The talks, which began in late summer 2011, were abandoned before getting to the stage of a partner vote and, according to Smylie, Bond Pearce is not the only firm that Maclays has held talks with. Maclays, like many other firms that occupy the same section of the market, is aware that staying still in terms of size is no longer an option.
“The position here is that we have a strategy that involves adding scale,” says Smylie.
“It won’t come as a surprise to learn that there’s a lot of activity going on among other firms that are facing up to the same issues at the moment as us, and there are a lot of talks that go on between firms that don’t come to much. We’ve had discussions with various firms that have not amounted to anything.
“We’re of the view that if the opportunity for us to grow our business arises, we’ll look at that opportunity seriously. We acknowledge that having scale is a good thing in the marketplace right now, but our position is that [a merger] needs to be for other reasons than scale for scale’s sake. We’d definitely look at a merger if the partner and chemistry were right, but, most important of all, only if it served the needs of our clients.”
A tie-up between Plymouth’s Bond Pearce – which has Aberdeen, Bristol, London and Southampton offices – and Scotland’s Maclays – which has offices in Aberdeen, Edinburgh, Glasgow and London – although unlikely to set the market ablaze, seemed a sound proposition. The merger would have created a national firm with critical mass. While that is not the most secure model of law firm right now, it would have kept the wolves from the door.
The combined firm would have had around 529 lawyers, including 140 partners, and a turnover of £95m – placing it at number 32 in The Lawyer’s 2011 UK 200 league table, above Macfarlanes but below legacy Barlow Lyde & Gilbert (now Clyde
& Co). Bond Pearce makes most of its revenue from litigation, closely followed by corporate, while at Maclays corporate dominates, closely followed by property.
The two were matched closely in terms of financials.
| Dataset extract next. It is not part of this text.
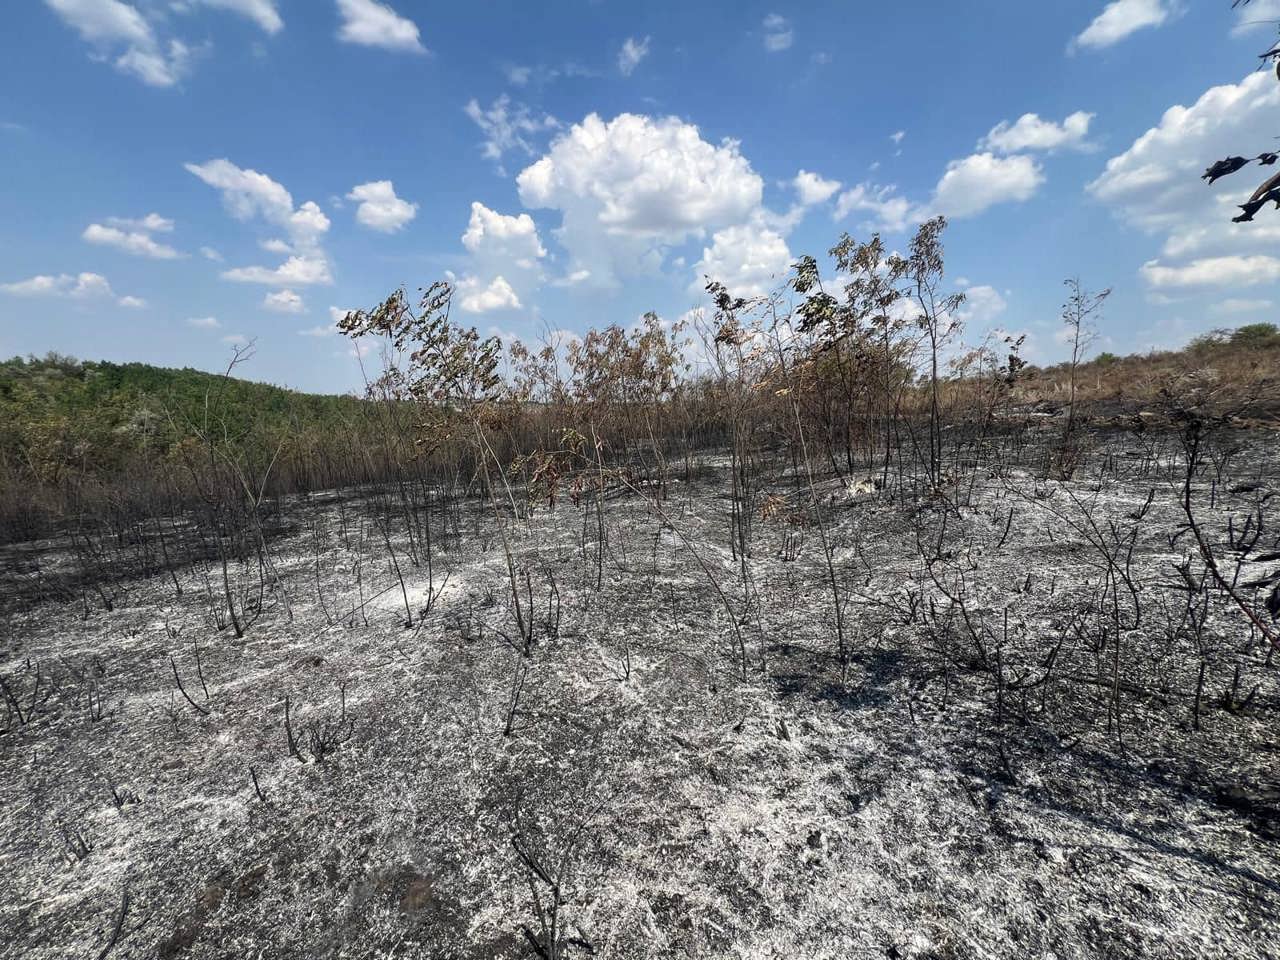 Peste 12 hectare de pădure, afectate în incendiul din Cahul. Ministerul Mediului: Va fi nevoie de șapte ani pentru a-și reveni pădurea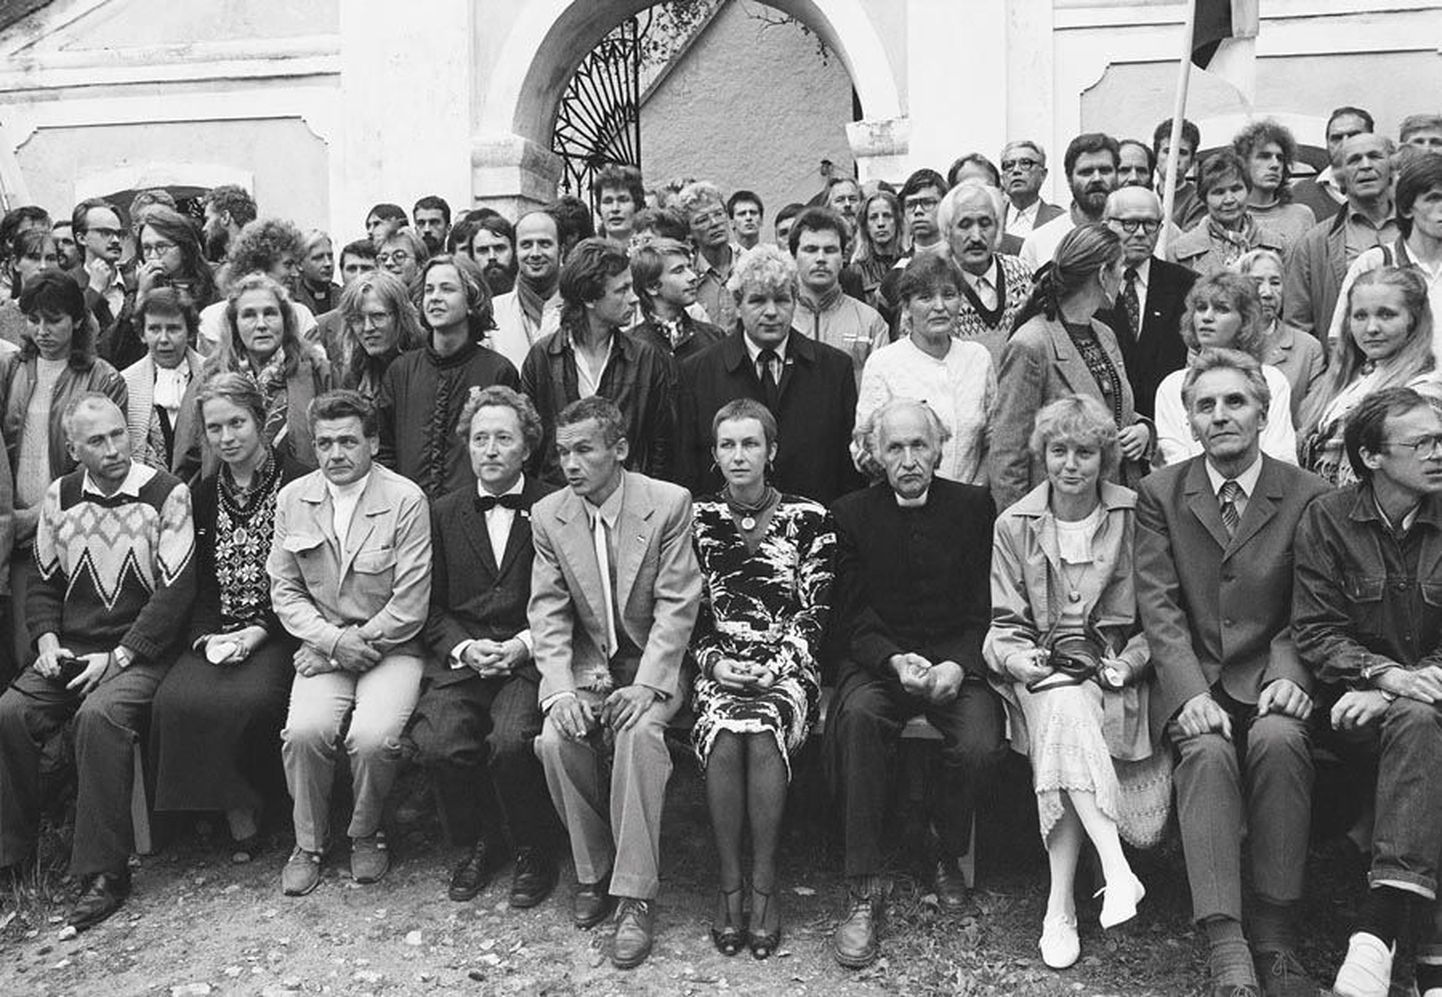 Fotole on jäädvustatud 1988. aasta 20. augustil Eesti Rahvusliku Sõltumatuse Partei asutamiskongressil osalenud.

Bond Pearce pulled in £46m in the 2010-11 financial year and had an average profit per equity partner (PEP) of £220,000. Maclays brought in £47.2m, with an average PEP of £220,000.
A Bond Pearce spokesperson says of the failed merger talks with Maclays: “We’re committed to our strategy of client alignment and growth to support our clients’ needs. We’re growing organically along with exploring various options including merger and acquisition in order to support our strategy. We’re not in formal discussions with anyone.”
Unity is strength
Maclays’ management undoubtedly has been spurred on by activity among other members of the so-called ‘Big Four’ Scottish firms and in the mid-market more generally.
Earlier this year McGrigors announced that it is merging with Pinsent Masons to create a £282m firm, while Dundas & Wilson was revealed to be discussing a tie-up with West End firm Bircham Dyson Bell before abandoning talks after failing to win partner backing (The Lawyer, 10 October 2011).
Shepherd & Wedderburn is the only firm not to have been embroiled in merger talks of late, although it was linked with Lawrence Graham (LG) in 2011.
Likewise, Cobbetts and DWF both came close to merging until they called off the deal earlier this year, citing “uncertain market conditions” (The Lawyer, 31 January).
Other fish in the sea
In fact, of all the talks that have taken place, only two small-to-mid-market mergers have managed to complete this year: Ashfords and Rochman Laundau, which combined in early March to create a £30m firm (The Lawyer, 5 March), and Cumberland Ellis and Wedlake Bell, which are set to merge on 1 April, creating a top 100 UK firm by revenue. The McGrigors-Pinsents deal is set to go live in May.
That still leaves plenty of firms for Maclays and Bond Pearce to try their luck with.